Rayno: News and notes from Gophers' first summer scrimmage
- Blog Post by: Amelia Rayno
- July 16, 2013 - 9:38 PM
It’s been a while since we fully got to check in with the Gophers, who recently started summer practices with new head coach Richard Pitino. And the passed time is evident – in many respects, it’s hard to recognize this team.
Tuesday, the media was allowed to view about 10 minutes of the Gophers’ hour-long practice (teams are allowed two hours a week under new NCAA rules) as they has their first “scrimmage” of the summer. The laid-back session featured two eight-minute halves with Pitino mostly just watching. The Gophers have had five practices so far this summer and an individual workout – and have focused on getting up and down the court and ton, and getting the players accustomed to making shots when they’re exhausted. Pitino’s experiment on Tuesday was to see how the team communicated without his guidance and sort out any natural leaders on the court.
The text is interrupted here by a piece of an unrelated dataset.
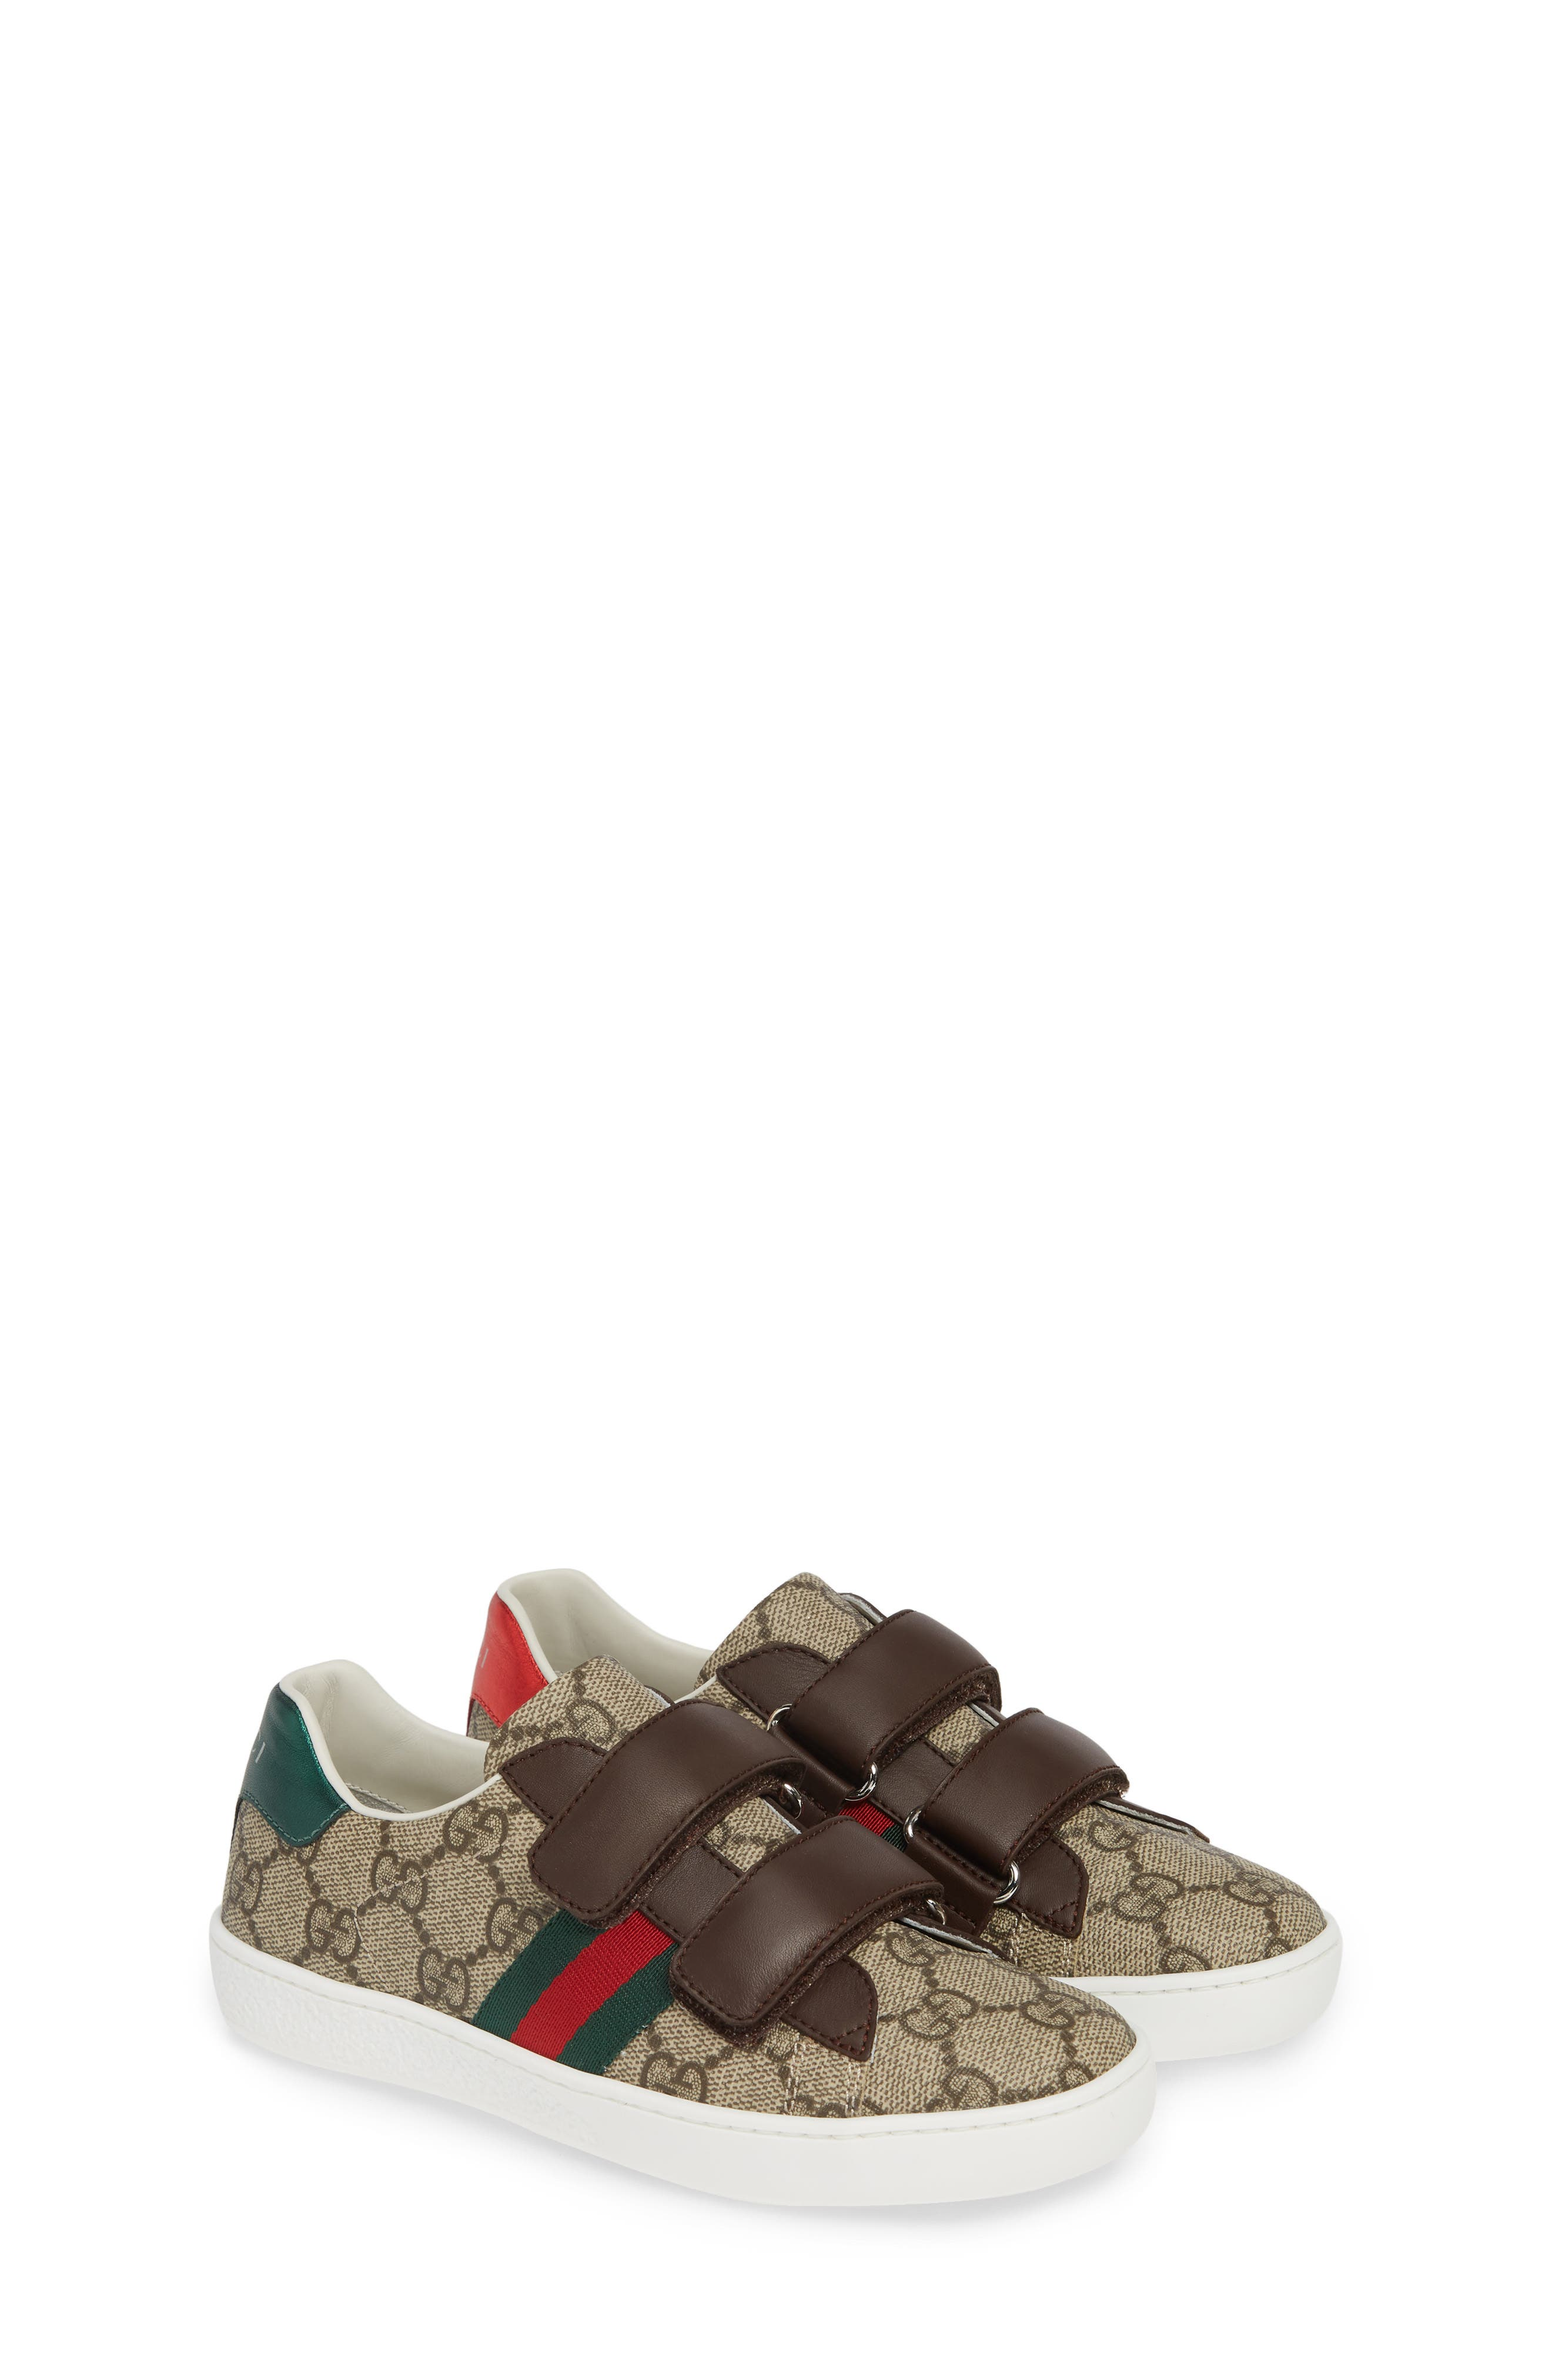 GUCCI, New Ace Monogram Sneaker, Alternate thumbnail 2, color, BEIGE
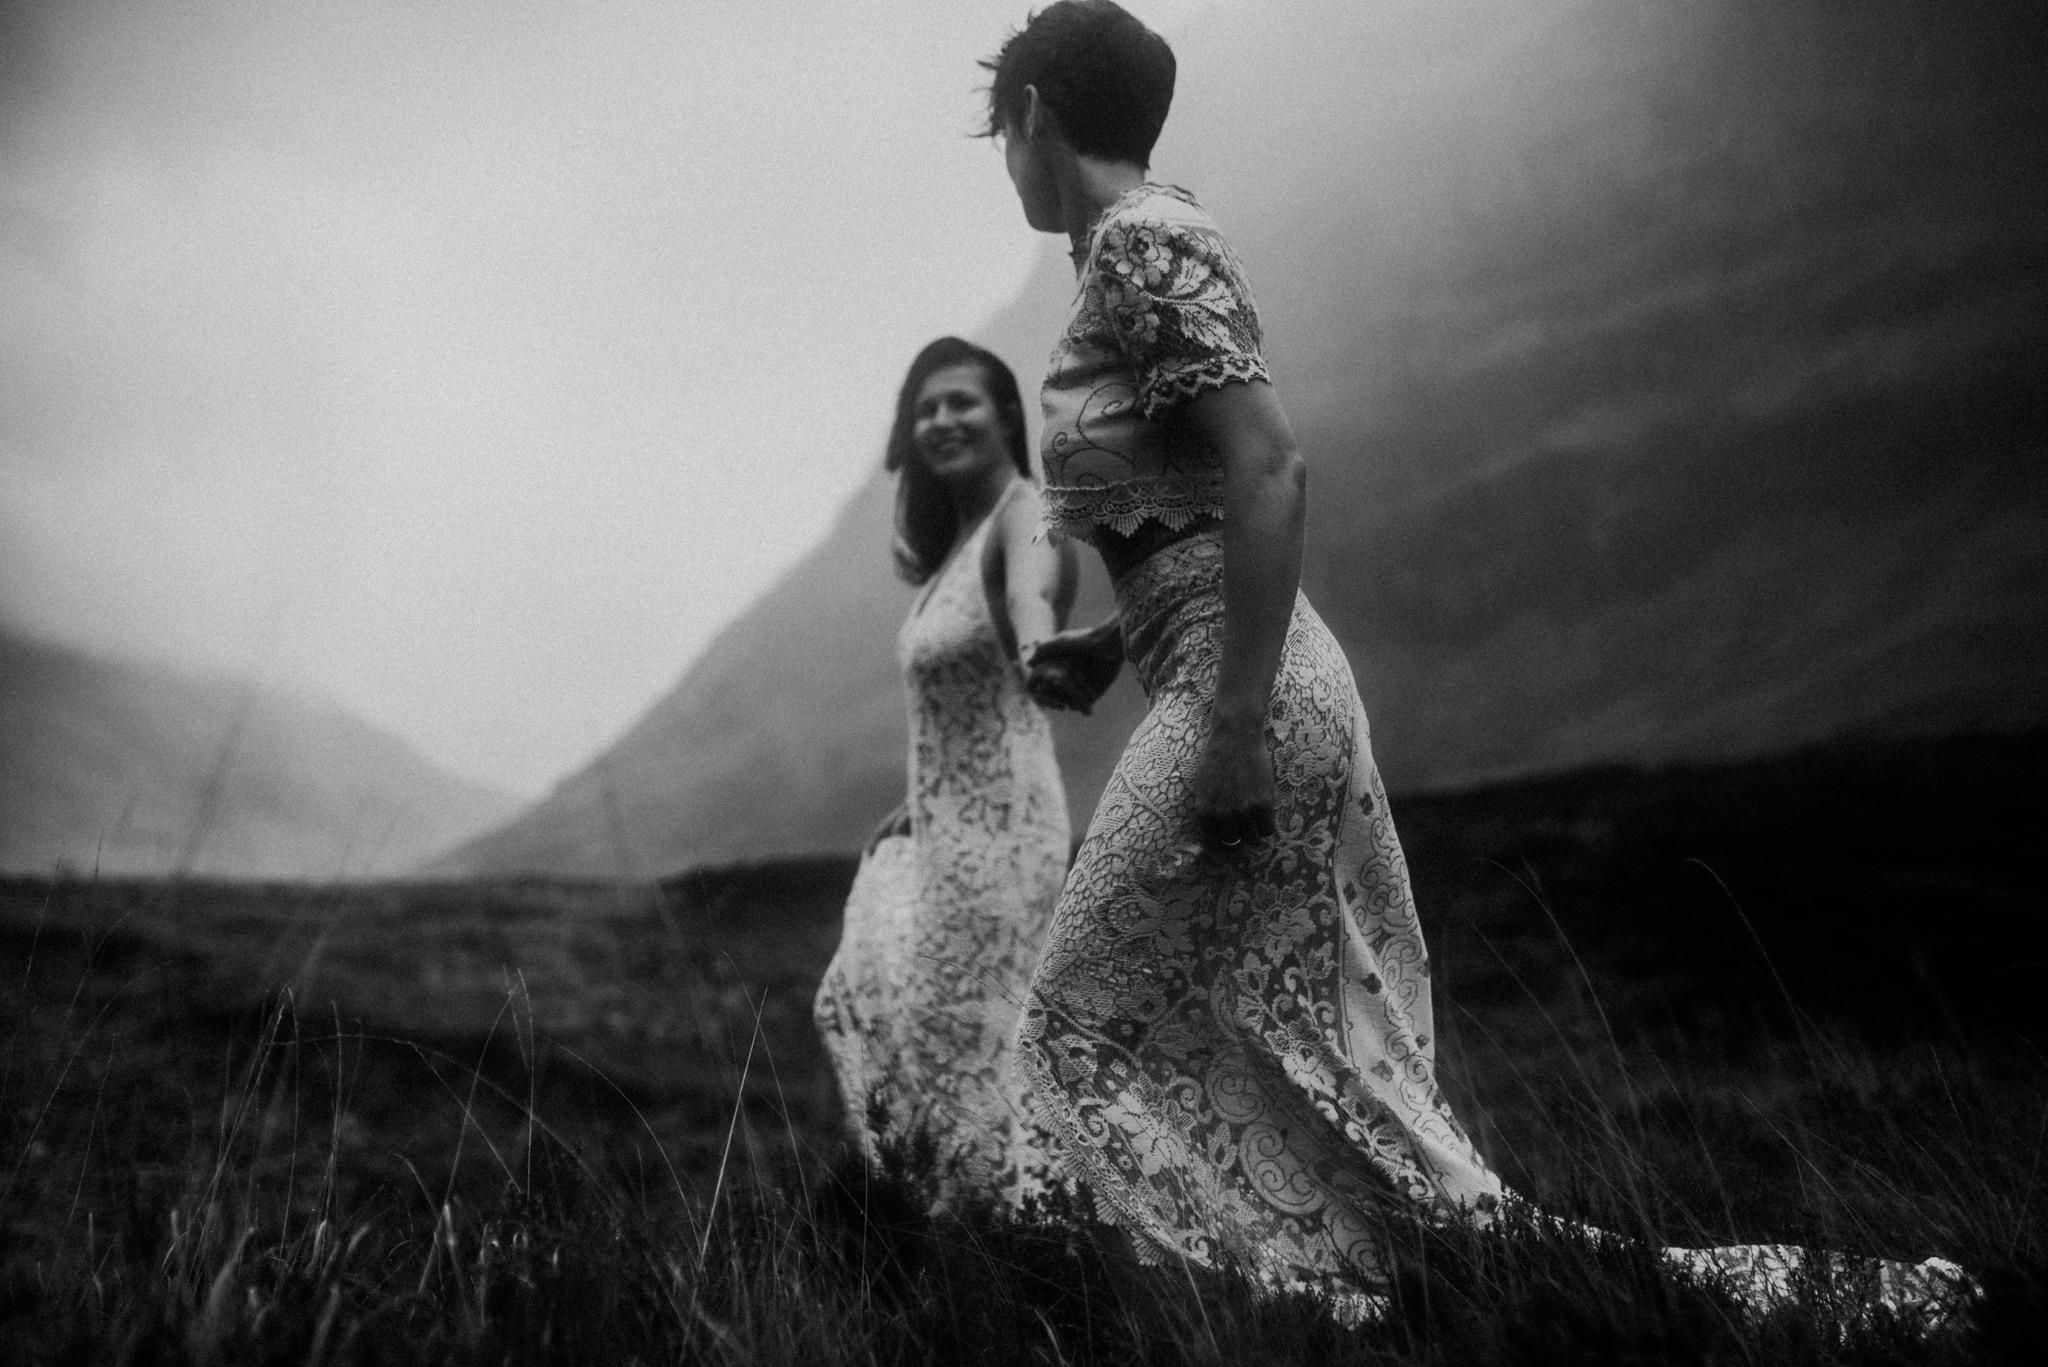 twyla jones photography - scotland glencoe moody same sex elopement brides -25.jpg

What resulted was a mostly raw but intriguing scrimmage. Clearly the team is getting used to playing together, talking on the court and figuring out roles. But the squad exhibited tons of intensity, got up a ton of shots and featured some crafty passes, even if they didn’t all work out. It is, of course, entirely too early to make any assumptions about spots and personnel, or to set any expectations for the coming year.
Pitino, himself, couldn’t pick a starting lineup today if he wanted to (but the truth is, he mostly doesn’t want to): “I wouldn’t do it,” he said.
But in the meantime, there is plenty to discuss and dissect. Some of the news and notes I picked up today here:
- Mo Walker looks like a totally different person. And how could he not? The forward has dropped nearly 50 pounds since the end of the season, a change that was a little more than a suggestion, Pitino said. “I just said if you don’t lose the weight you’re not going to play,” the coach said. “It’s just that simple.” Walker said he hasn’t been this small since “probably my eighth grade year or something.” More on Walker to come soon.
- Conversely, redshirt freshman Charles Buggs has been busy bulking up. To date, he’s gained about 23 pounds, he said, with the goal of gaining 7 more. “It’s a ton of lifting, a ton of eating,” he said.
- Andre Hollins had a large, healing gash across the left side of his face. “I fell off my bike,” he said. “I’m so embarrassed. It’s just one of those things.”
- Maverick Ahanmisi seems to be really excelling in Pitino’s system and demonstrated some nice moves to the basket and some good shooting on Tuesday. Pitino said in his first Gophers blog that the senior has the potential to be one of the leaders. “This is the kind of style I play – this is what I played in high school. So this is what I learned throughout four years then and back in the day so this is what I’m accustomed to, and I think it’s just the style of play that suits me.”
- It’s no secret that the frontcourt is one of the weaker aspects of the team, considering it’s thinness. How comfortable is Pitino with his big man personnel? “I would like to [get another player] if there’s anything available,” he said. “Certainly we’re going to keep our options open. We have a scholarship available. Recruiting is the answer to turn this thing around. It’s going to take some time, but that’s what we plan on doing.”
- Andre Hollins has been the Gophers’ starting point guard for the last two seasons, but he’s not necessarily natural at the position. Pitino didn’t rule out starting him at shooting guard, while opening up the floor general spot for competition. Maverick Ahanmisi as well as freshmen Daquein McNeil and Deandre Mathieu could be in that mix as well.
- Besides the system being totally different, Pitino’s demeanor, media presence and team presence could not be much more distinct from that of former coach Tubby Smith. For starters, he seems to be very blunt with his players when it comes to improving. Is that one of the values he consciously coaches by? “Yeah, that’s kind of the way that I was raised, and that’s kind of the way I learned under my father, under Billy Donovan,” Pitino said. “We’re not going to play a whole lot of games. We’re going to keep it pretty simple and just tell them how we feel. And sometimes I’ll be all right, and a lot of times I’ll be wrong, and that’s just the way it is.”